| TASK BRIEF |
Everything from the line that contains "The 2018 Concordia Annual Summit | Concordia" through the last line below should be transcribed exactly, except the pictures.

| PROVIDED DATA |
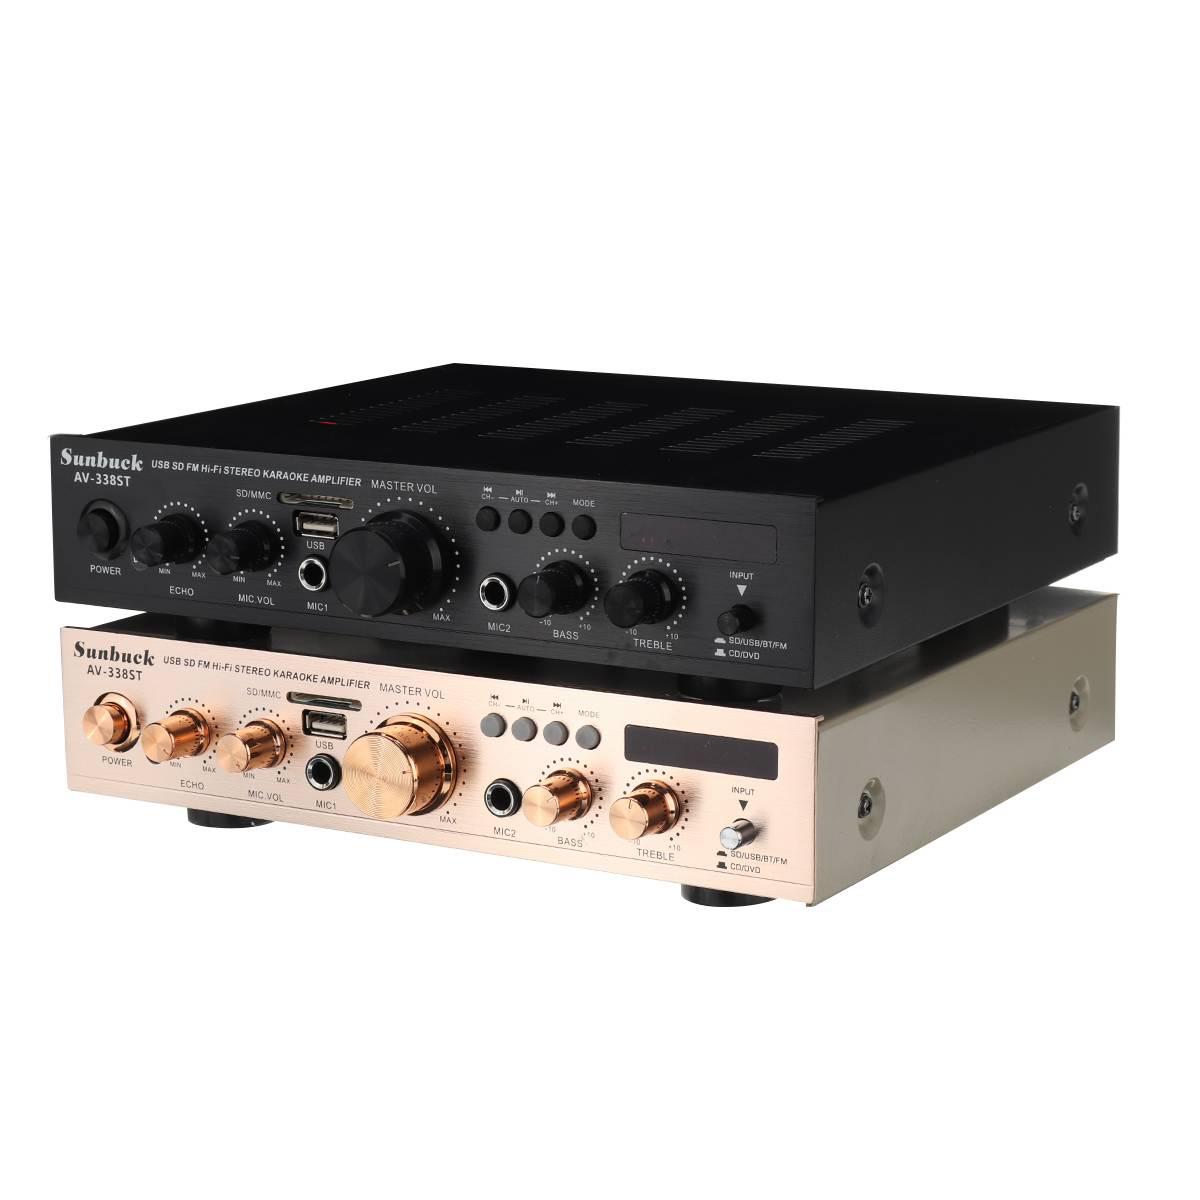 цифровой hi-fi стерео усилитель мощности sunbuck av-338st, 60 вт на канал, 5-канальный (4.1)
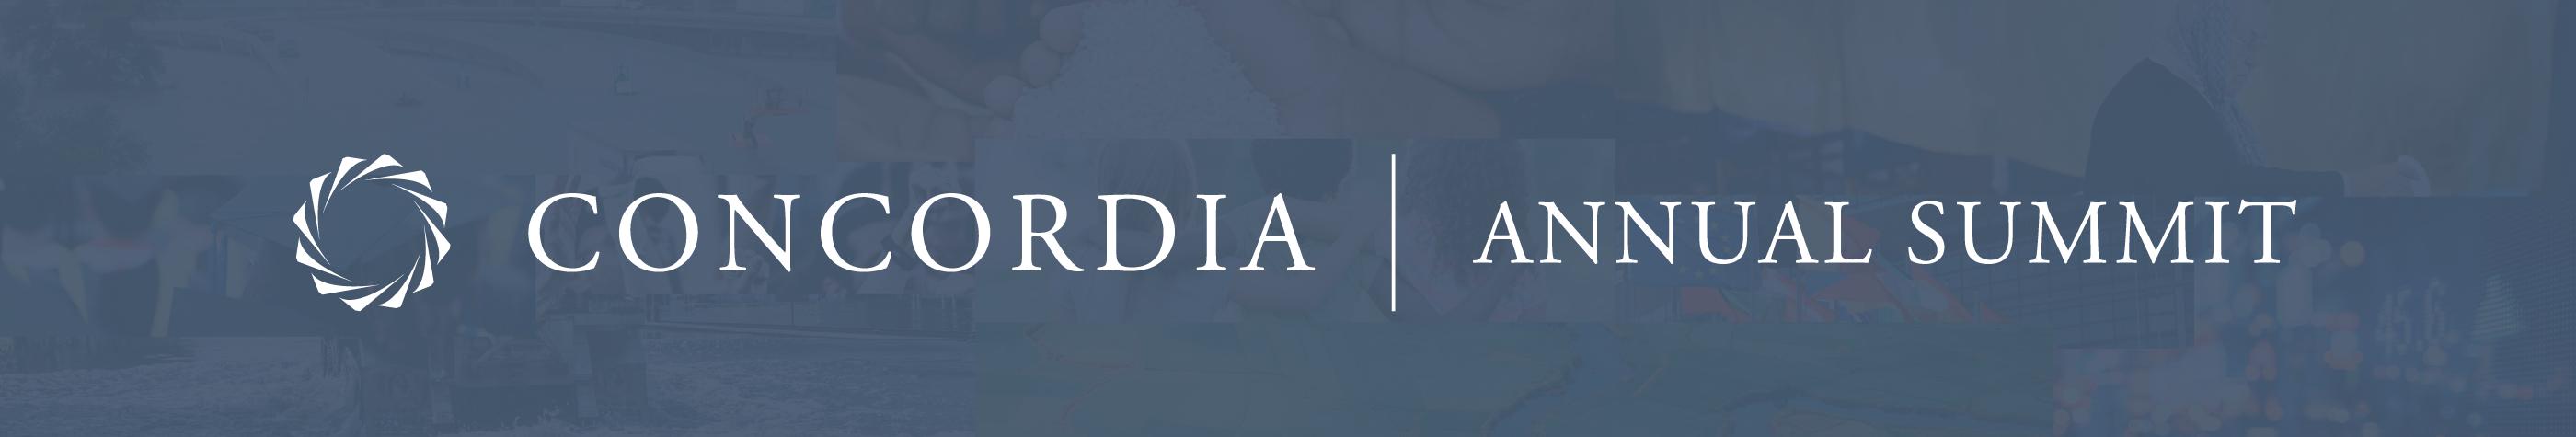 The 2018 Concordia Annual Summit | Concordia
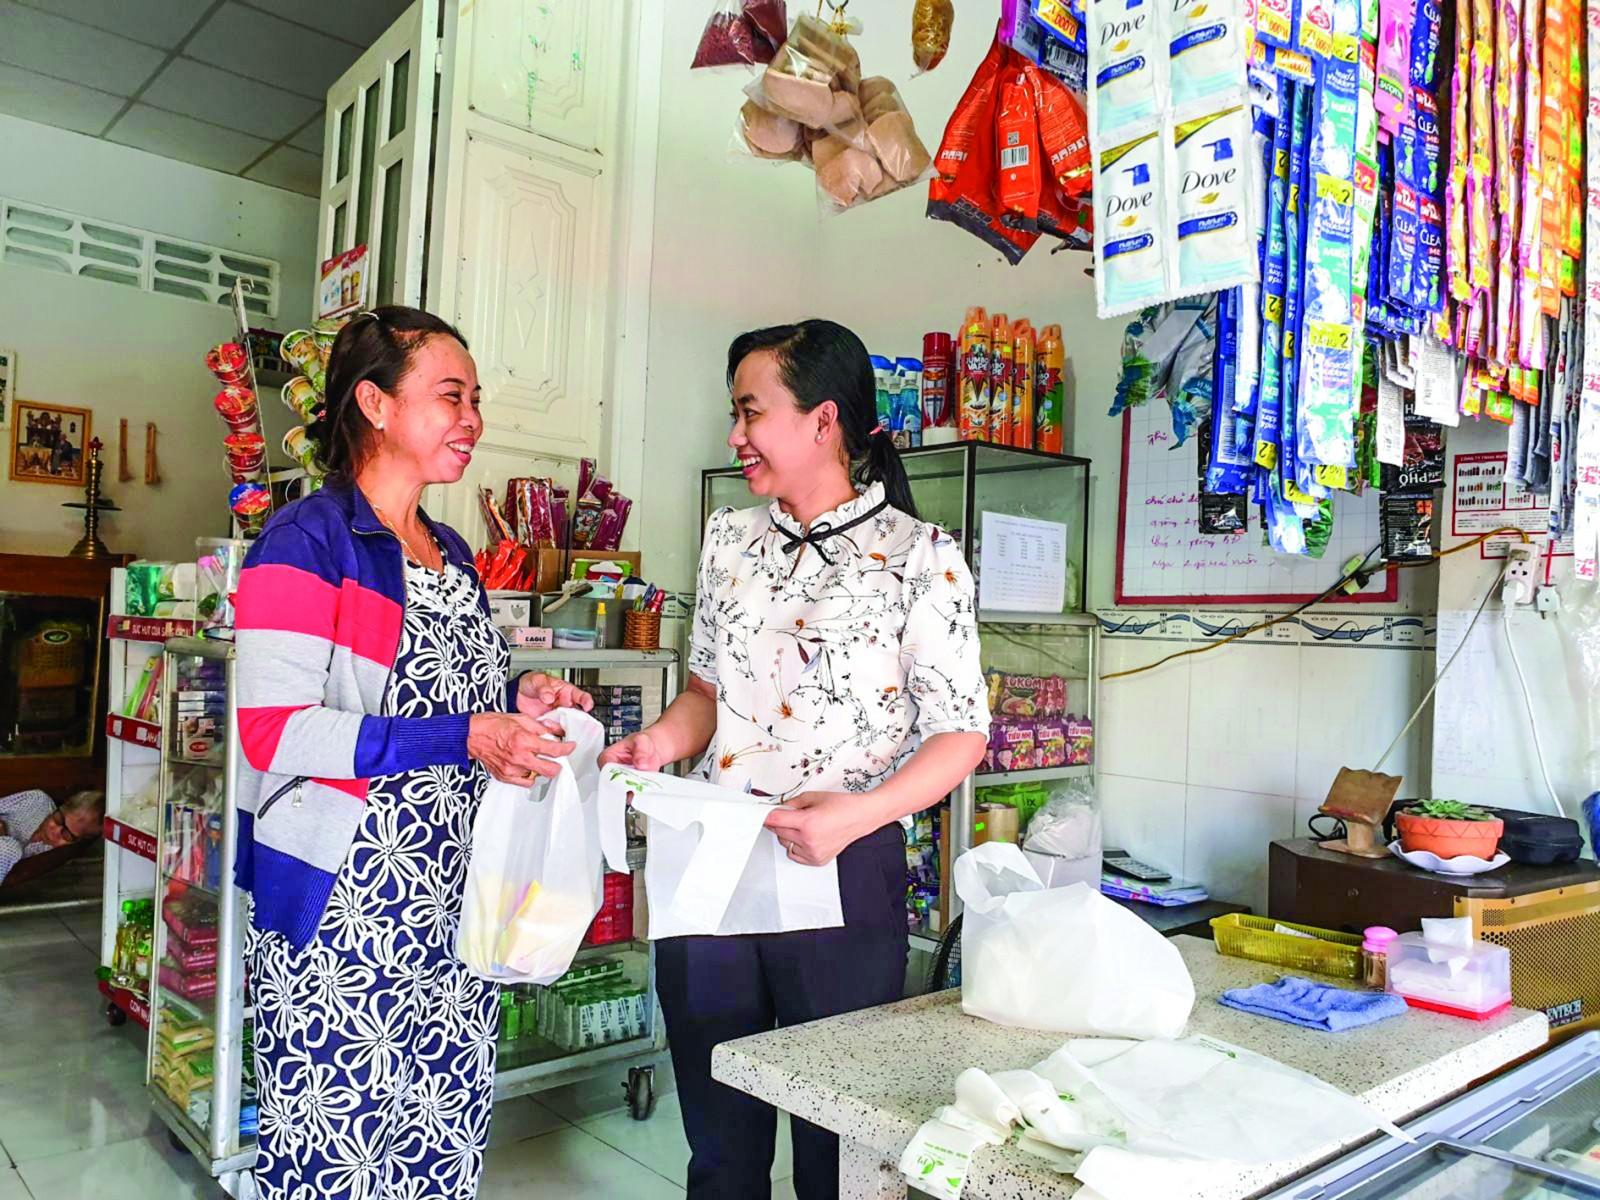 Cán bộ Hội LHPN thị trấn Cờ Đỏ (bên phải) thường xuyên tuyên truyền, vận động chị em tiểu thương cam kết sử dụng túi sinh học trong mua bán thực phẩm.

| EXPECTED ANSWER |
 The 2018 Concordia Annual Summit | Concordia
 Cán bộ Hội LHPN thị trấn Cờ Đỏ (bên phải) thường xuyên tuyên truyền, vận động chị em tiểu thương cam kết sử dụng túi sinh học trong mua bán thực phẩm.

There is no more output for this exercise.